In mathematical terms a causal diagram is a directed, acyclic graph (DAG). A graph is a pair (V,E) of a set V (vertices) and a subset E (edges) of V x V. A graph is directed if the edges are ordered. A path in a graph is sequence of edges joining a sequence of vertices in which all vertices and edges are distinct. A cycle is path of graph in which only the first and the last vertices are equal.

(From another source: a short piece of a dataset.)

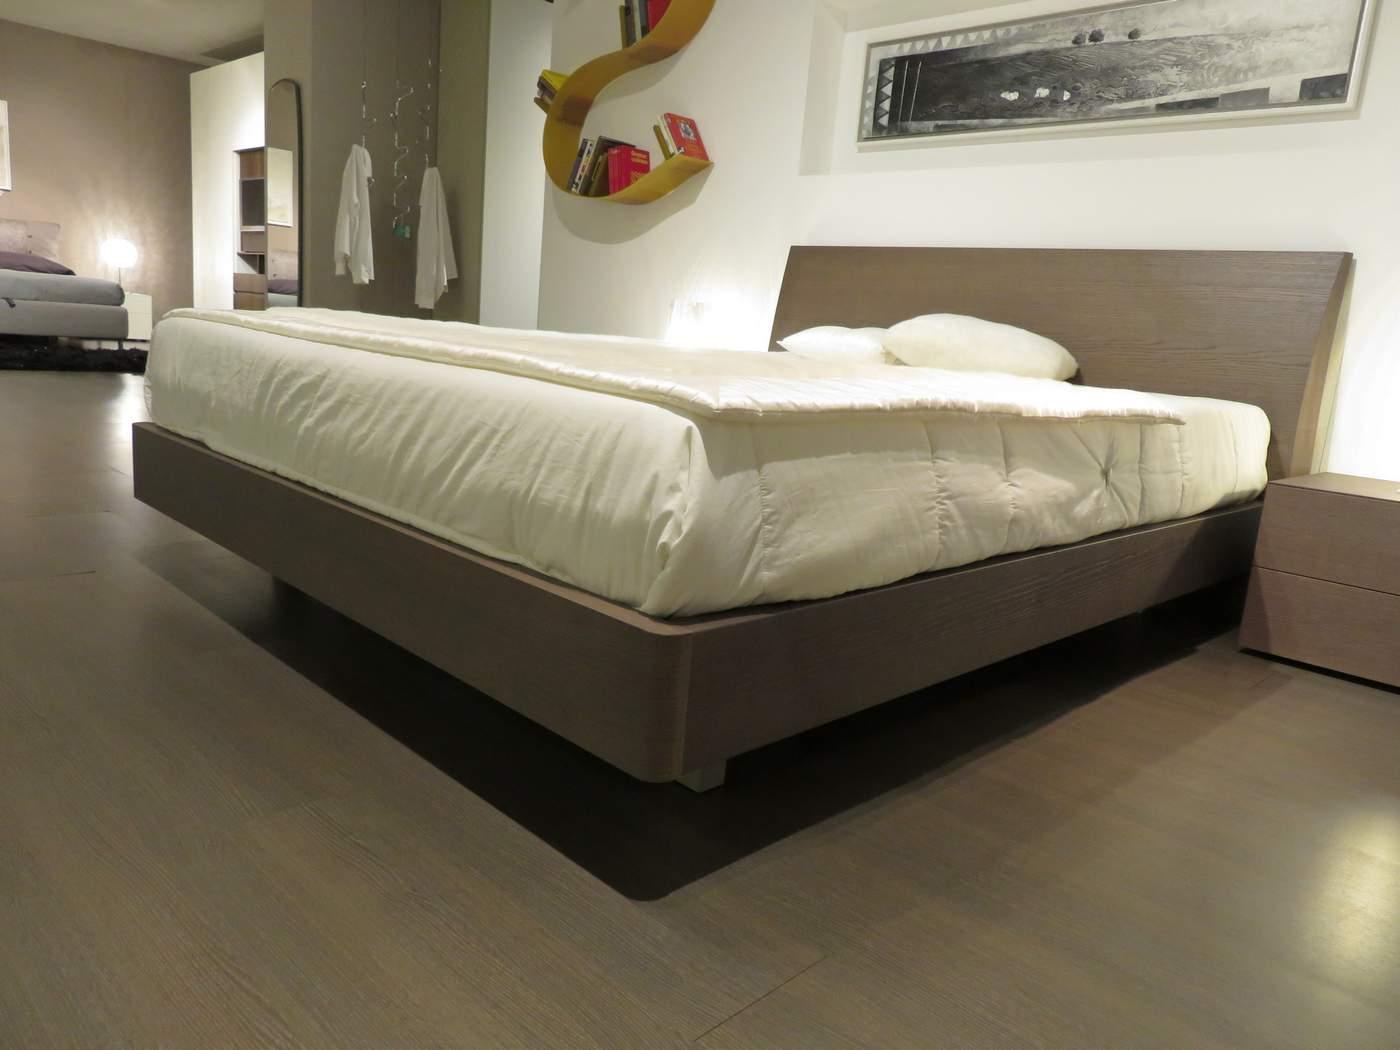 letto a prezzo outlet modello Regio in legno rovere tinto cenere in vendita da da Carminati e Sonzogni a Zogno Bergamo
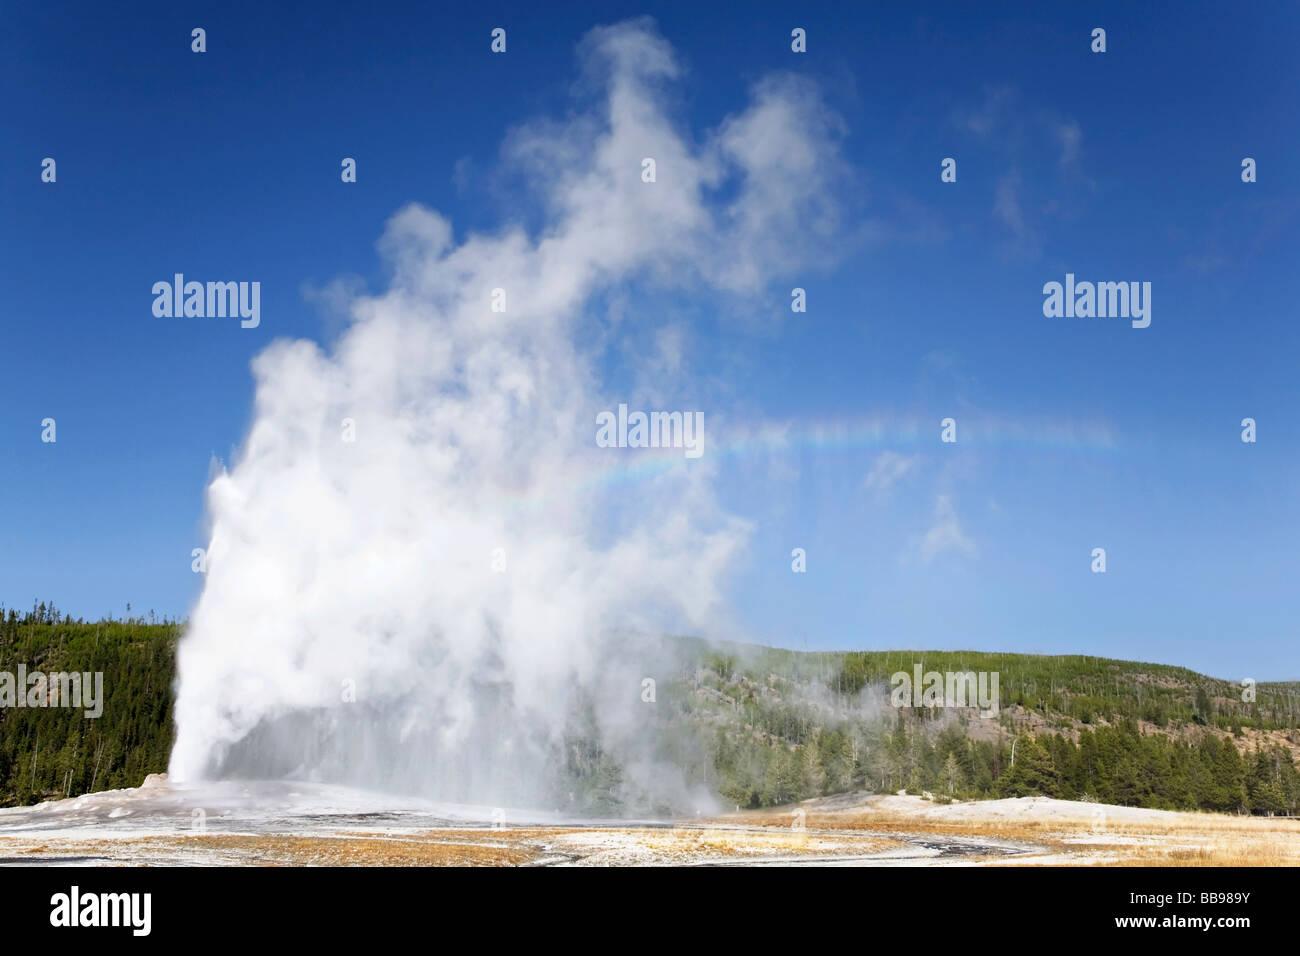 Old Faithful erupting - Stock Image

An example from the R package ggdag⁸

Code zeigen

suppressMessages(library(ggdag))
library(ggplot2)
theme_set(theme_dag())
smoking_ca_dag <- dagify(cardiacarrest ~ cholesterol,
  cholesterol ~ smoking + weight,
  smoking ~ unhealthy,
  weight ~ unhealthy,
  labels = c(
    "cardiacarrest" = "Cardiac\n Arrest",
    "smoking" = "Smoking",
    "cholesterol" = "Cholesterol",
    "unhealthy" = "Unhealthy\n Lifestyle",
    "weight" = "Weight"
  ),
  latent = "unhealthy",
  exposure = "smoking",
  outcome = "cardiacarrest"
)

ggdag(smoking_ca_dag, text = FALSE, use_labels = "label")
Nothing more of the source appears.